# AK disassembly



## Huntinbull (Apr 10, 2004)

Need to disassemble my AK variant (Romanian WASR) to replace the trigger pivot pin. Any advice or warnings? Know a gunsmith in case I get stuck.


----------



## sharon time (Jun 20, 2004)

If you need a gunsmith, I recommond you check out Curtis Keith. He is located in akron. I had a few small isuues with my AR-15. I took it there on Sat. He took care of with no issues. Nice clean shop. Very pleasent to deal with.


----------



## Sharp Charge (Jun 24, 2009)

http://guns.wolfcrews.com/ak47/pdf_files/AKDude_Trigger_Group.pdf


----------



## C.Keith&Co (Aug 28, 2010)

Hey Huntinbull why dont you bring it over ill hook you up !


----------



## Huntinbull (Apr 10, 2004)

@Sharon Time, Curtis is a personal friend of mine. Just figured with how busy he is, I would try to research it and do it by myself. Thanks for the vote of confidence in him though!!! Great guy and a great gunsmith. 

@Sharp Charge, Thanks for a great piece of reference. Appreciate it.

@C.Keith&co, I know you would HBO (help a brother out). Just doing some research.


----------



## sharon time (Jun 20, 2004)

Huntinbull,
I have not know Curtis very long, but when I left his shop I felt like I had just met a life long friend. You know the saying, "you can count your friends on one hand"


----------



## Huntinbull (Apr 10, 2004)

Heck some of my friends only have one hand! 

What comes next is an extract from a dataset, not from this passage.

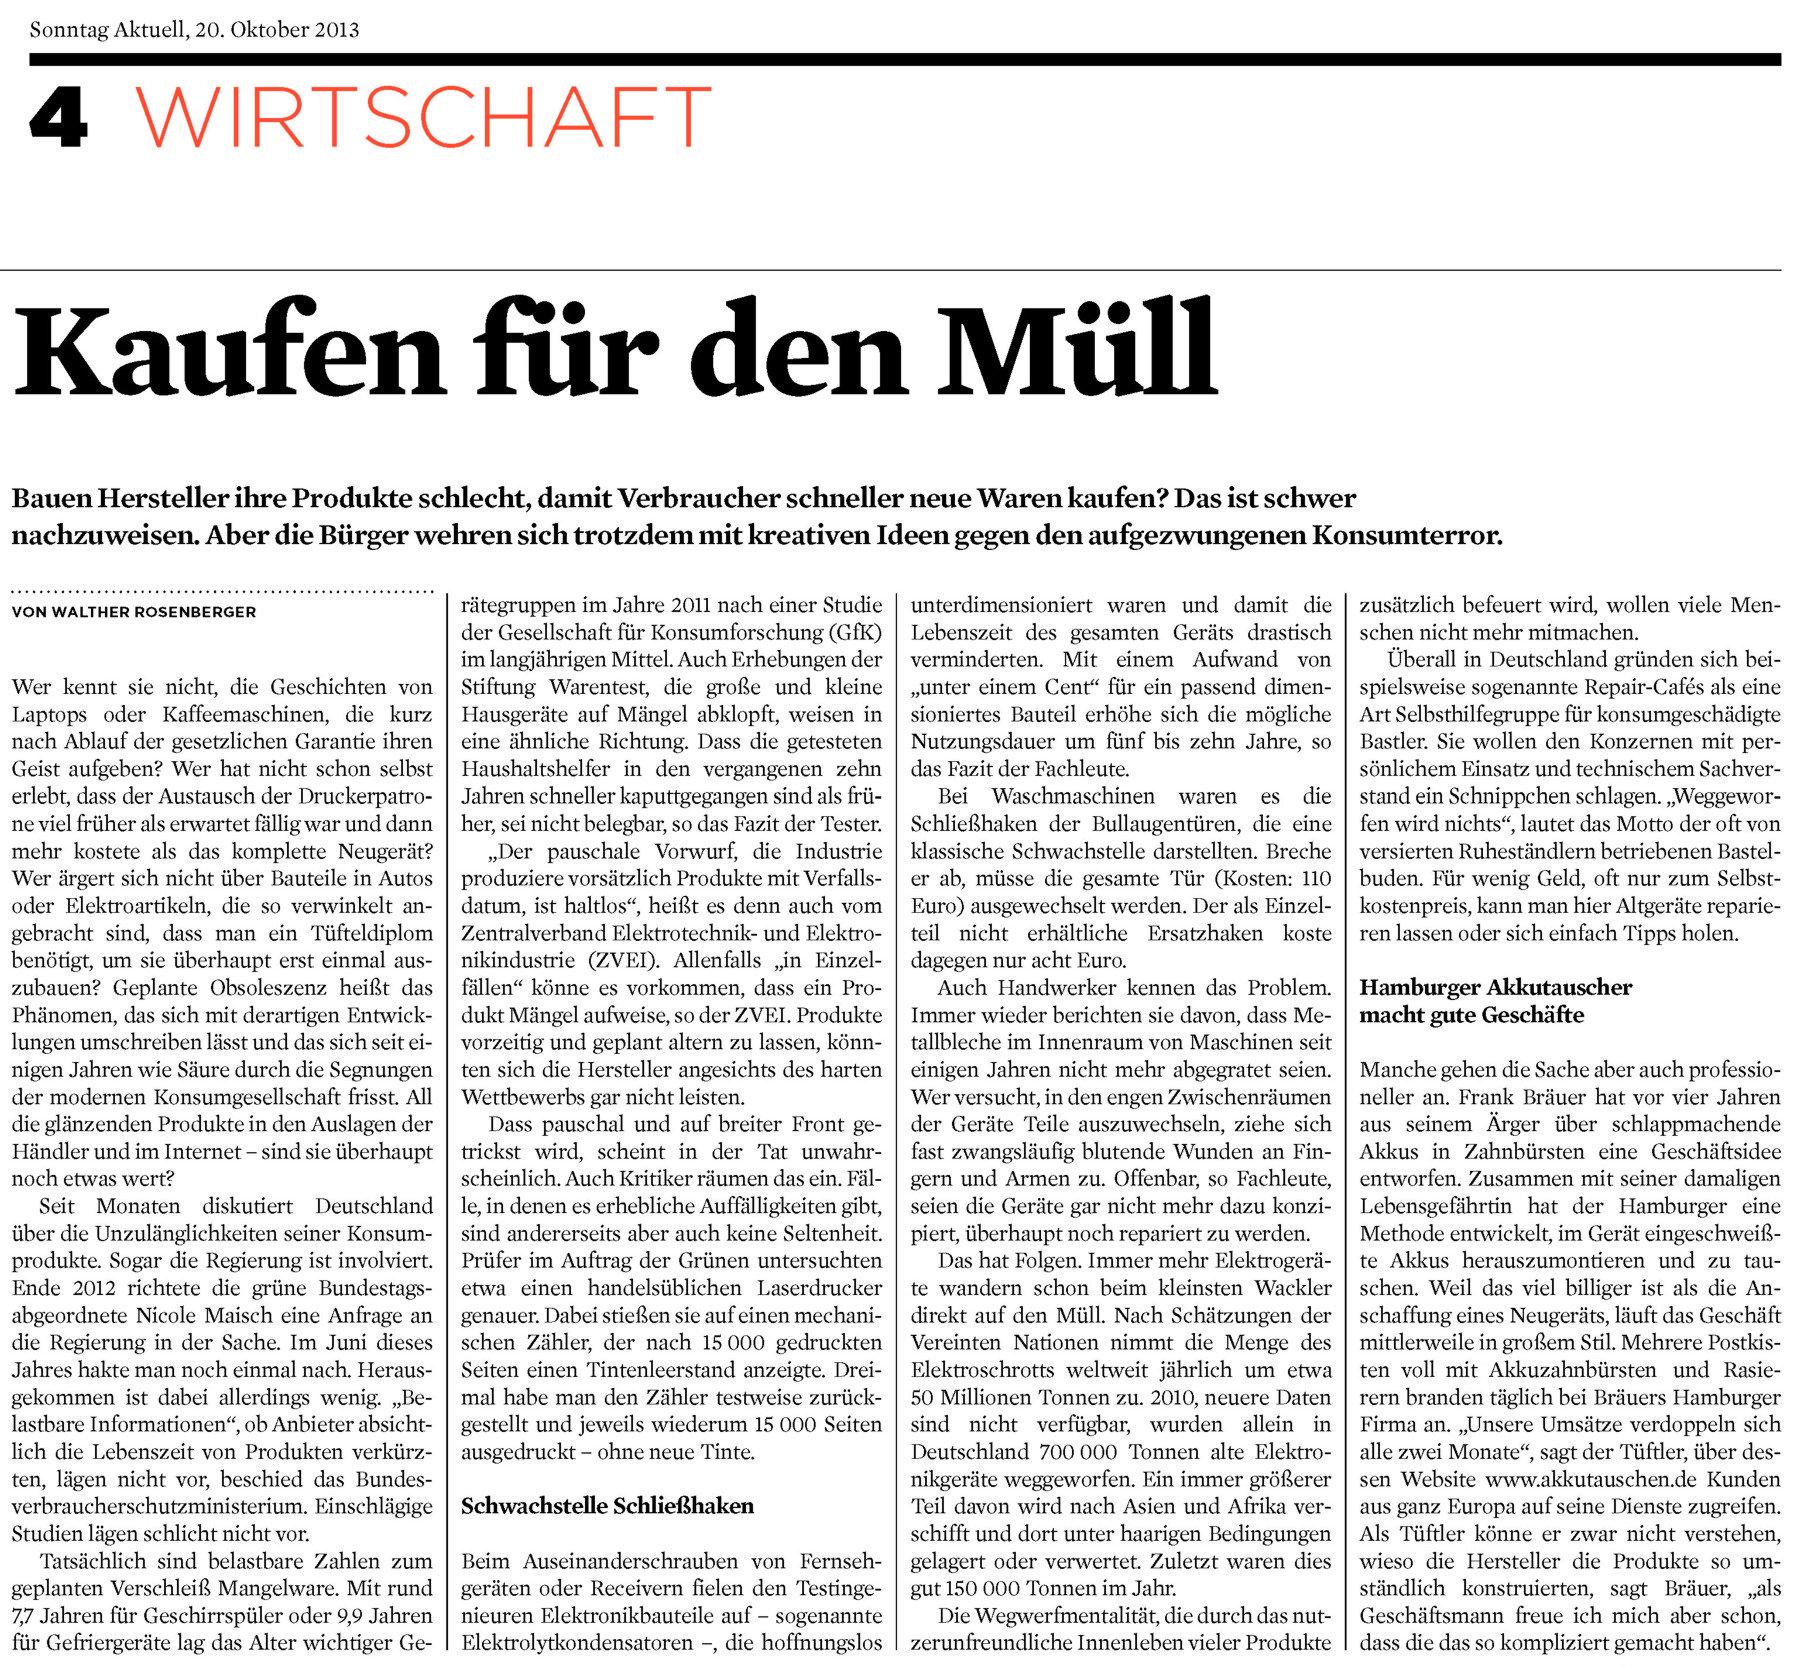 StuttgarterZeitung - Presse
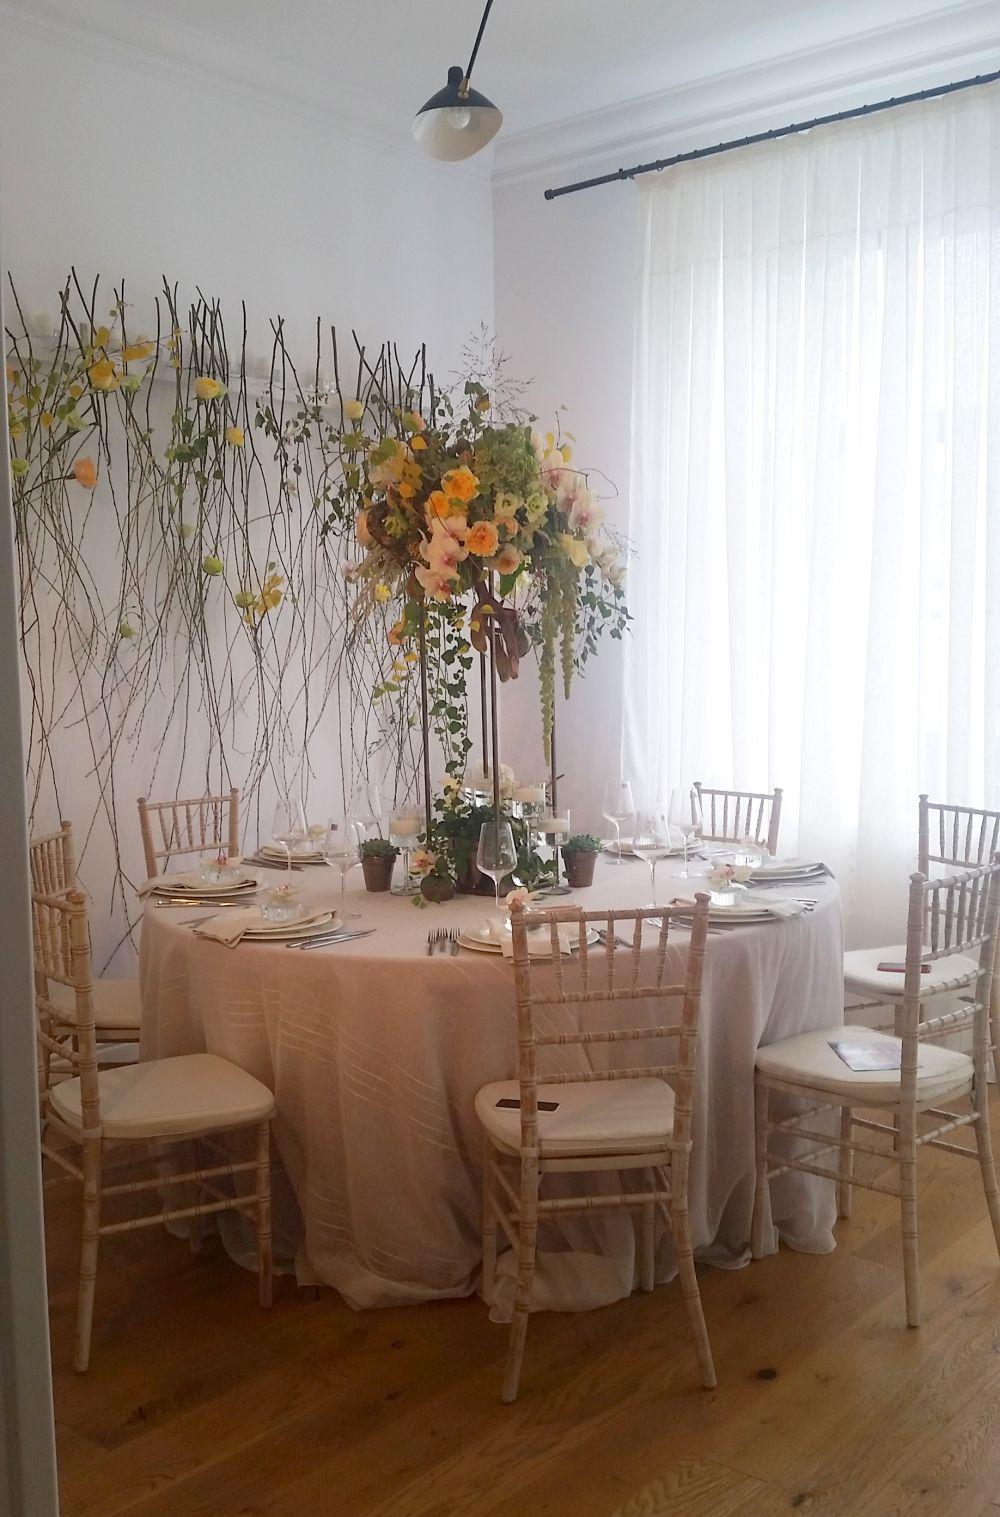 adelaparvu-com-despre-the-wedding-gallery-2016-floraria-iris-design-nicu-bocancea-51

Seriously though, Curtis is a great guy. One of my best friends in the world.


----------



## Bowhunter57 (Feb 9, 2011)

Huntinbull,
If all else fails, try YouTube. There are some good assembly/disassembly videos there. 
Here's a couple:









Bowhunter57


----------



## C.Keith&Co (Aug 28, 2010)

you guys are gonna make me cry-


----------